Eddy Sidra

Personal information
- Full name: Eddy Mahir Sidra
- Date of birth: February 20, 1989 (age 36)
- Place of birth: Khartoum, Sudan
- Height: 1.78 m (5 ft 10 in)
- Position: Defender

Youth career
- 2005: Green & Gold Soccer Academy
- 2005: Edmonton Juventus
- 2007–2008: Energie Cottbus

College career
- Years: Team / Apps / (Gls)
- 2006–2007: University of Alberta
- 2012–2013: University of Alberta / 22 / (2)

Senior career*
- Years: Team / Apps / (Gls)
- 2008–2010: Energie Cottbus II / 56 / (0)
- 2011: FC Edmonton / 6 / (0)
- Total:  / 62 / (0)

International career^{‡}
- 2009: Canada U20 / 3 / (0)
- 2009–2010: Canada / 3 / (0)

= Eddy Sidra =

Canadian soccer player (born 1989)

Eduard Mahir Sidra (born February 20, 1989, in Khartoum) is a Canadian soccer player. He is an attacking defender who often plays on the right side. He married Marie Gilada-Sidra on November 11, 2017.

==Career==
Eddy Sidra is now an Optometrist working in Dallas.

===Club===
Sidra began his career at the Green & Gold Soccer Academy of the University of Alberta for the Alberta Golden Bears in 2006. In October 2007 he had a trial with Energie Cottbus and signed later an amateur contract with them. Sidra played in his first season nineteen games for Energie Cottbus in the A-Junioren Bundesliga Season 2007–08 and in his second season fourteen in the Regionalliga Nord for Energie Cottbus II.

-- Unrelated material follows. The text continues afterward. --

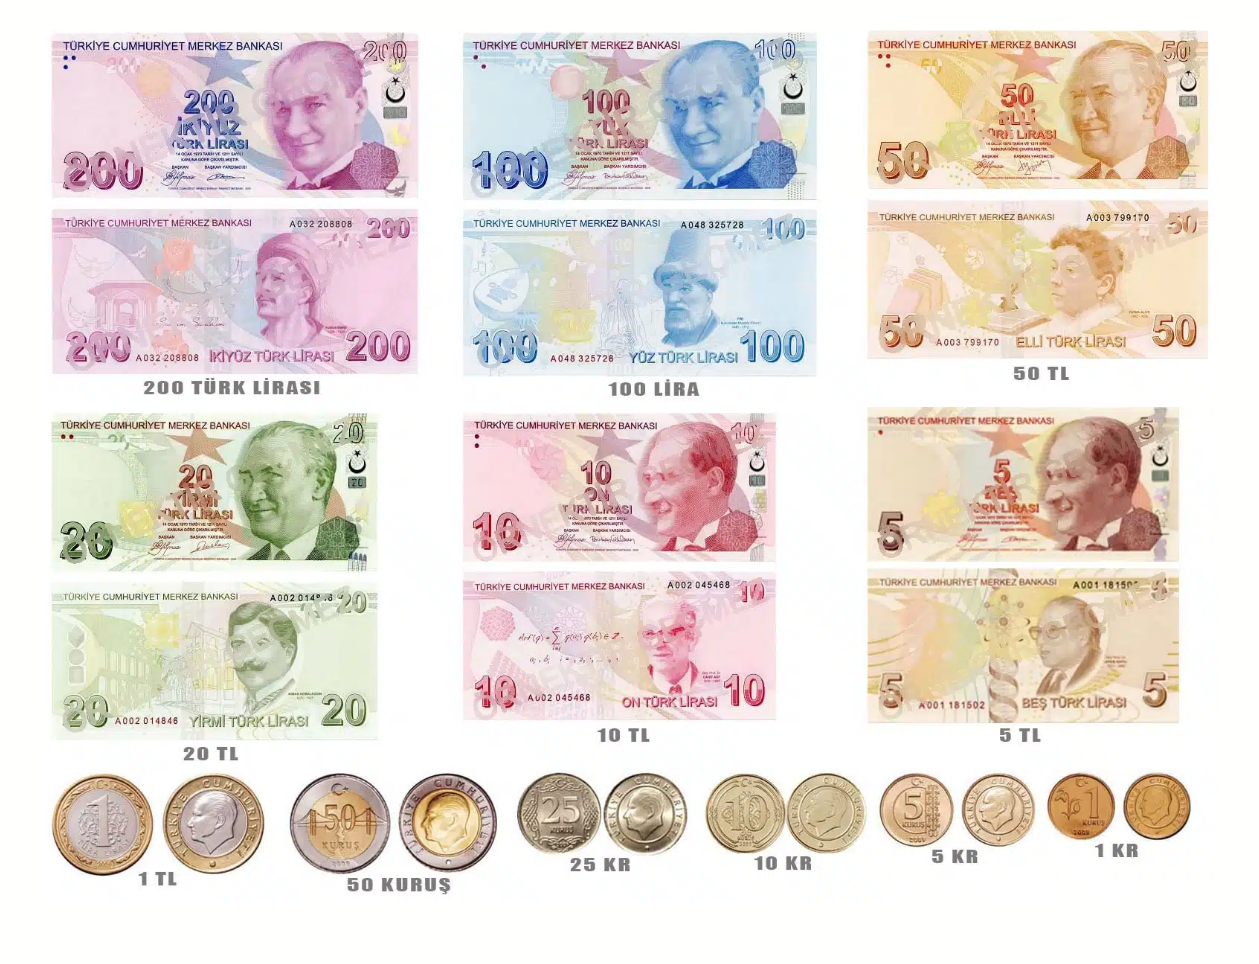 Актуальные банкноты и монеты. Монеты до 1 TRY называются куруши. Источник: madeinturkeytours.com

On January 28, 2011 Toronto FC of Major League Soccer verified that Sidra was one of three Canada national team trialists that were traveling to Turkey for preseason camp. David Monsalve and midfielder Gianluca Zavarise were also on trial.

On April 2, 2011 FC Edmonton of the new North American Soccer League announced they had signed Sidra en route to their pre-season tour in Phoenix, Arizona.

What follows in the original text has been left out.